Увы! этому ликованию, этой вечной масленице суждено было прекратиться!

На днях я посетил утром пустынника и был самым грустным образом поражен происшедшею в нем переменой. По обыкновению, он сидел на диване и, по обыкновению же, кого-то дрожащим голосом величал. Это тоскливое величание и прежде порой досаждало мне; теперь же, как только я его заслышал, сердце мое сжалось, как бы томимое тяжким предчувствием. Действительно, закуски на столе не было: пустынник сидел и качал головой из стороны в сторону, словно белый медведь, оторванный от родной стихии и посаженный в зверинец. Казалось, даже лысина его потускнела.

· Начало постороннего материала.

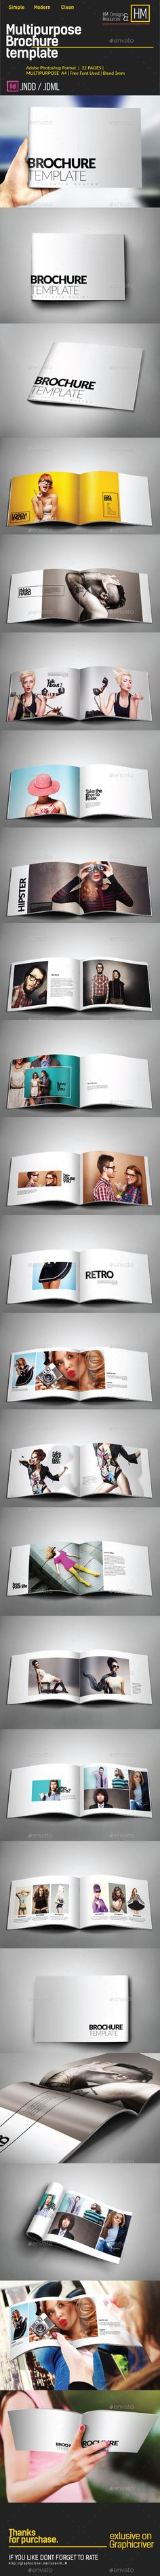 Multipurpose Catalogs / Brochure / Portfolio #photographer #clean  • Download here → https://graphicriver.net/item/multipurpose-catalogs-brochure-portfolio/10863847?ref=pxcr
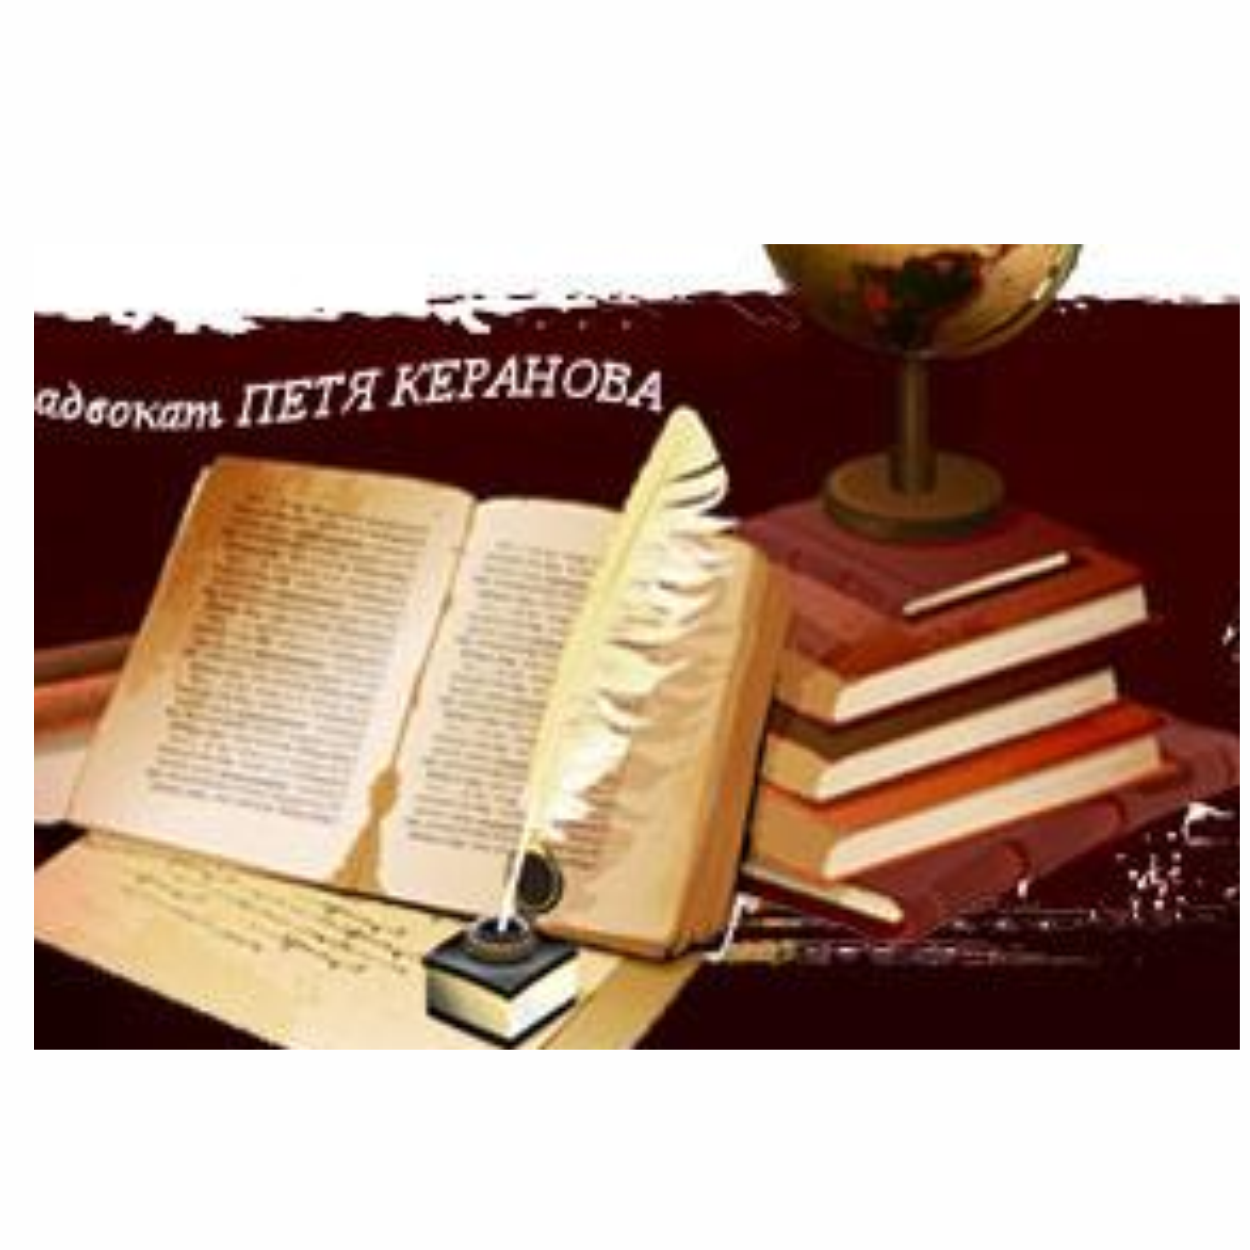 Адвокат Петя Керанова

— Что с вами, пустынник? — спросил я его после обычного приветствия.

— Скорблю!

Я посмотрел на него в недоумении. Грешный человек, я подумал сначала, что у него вышел весь запас свежей икры, что откупщик забыл прислать ему обычную дань водки и пива, и эта догадка тоскливо подействовала на мой желудок.

— Мятутся! — продолжал он, и вслед за тем в грустно-минорном тоне запел: — И смятошася людие…

Я все-таки не понимал, хотя нельзя было сомневаться, что нечто произошло. Конечно, мне небезызвестно было, что наше маленькое общество с некоторого времени прониклось гражданскою скорбью, но какое же дело до нее пустыннику? Пустынник— отрезанный ломоть от общества; пустынник самой природой таким образом устроен, что было бы у него вдоволь ества да пойла, да малахай шелковый, так не проймешь его никакою скорбью — это ясно! И вдруг о чем-то скорбит и произносит отрывистые и неподобные речи!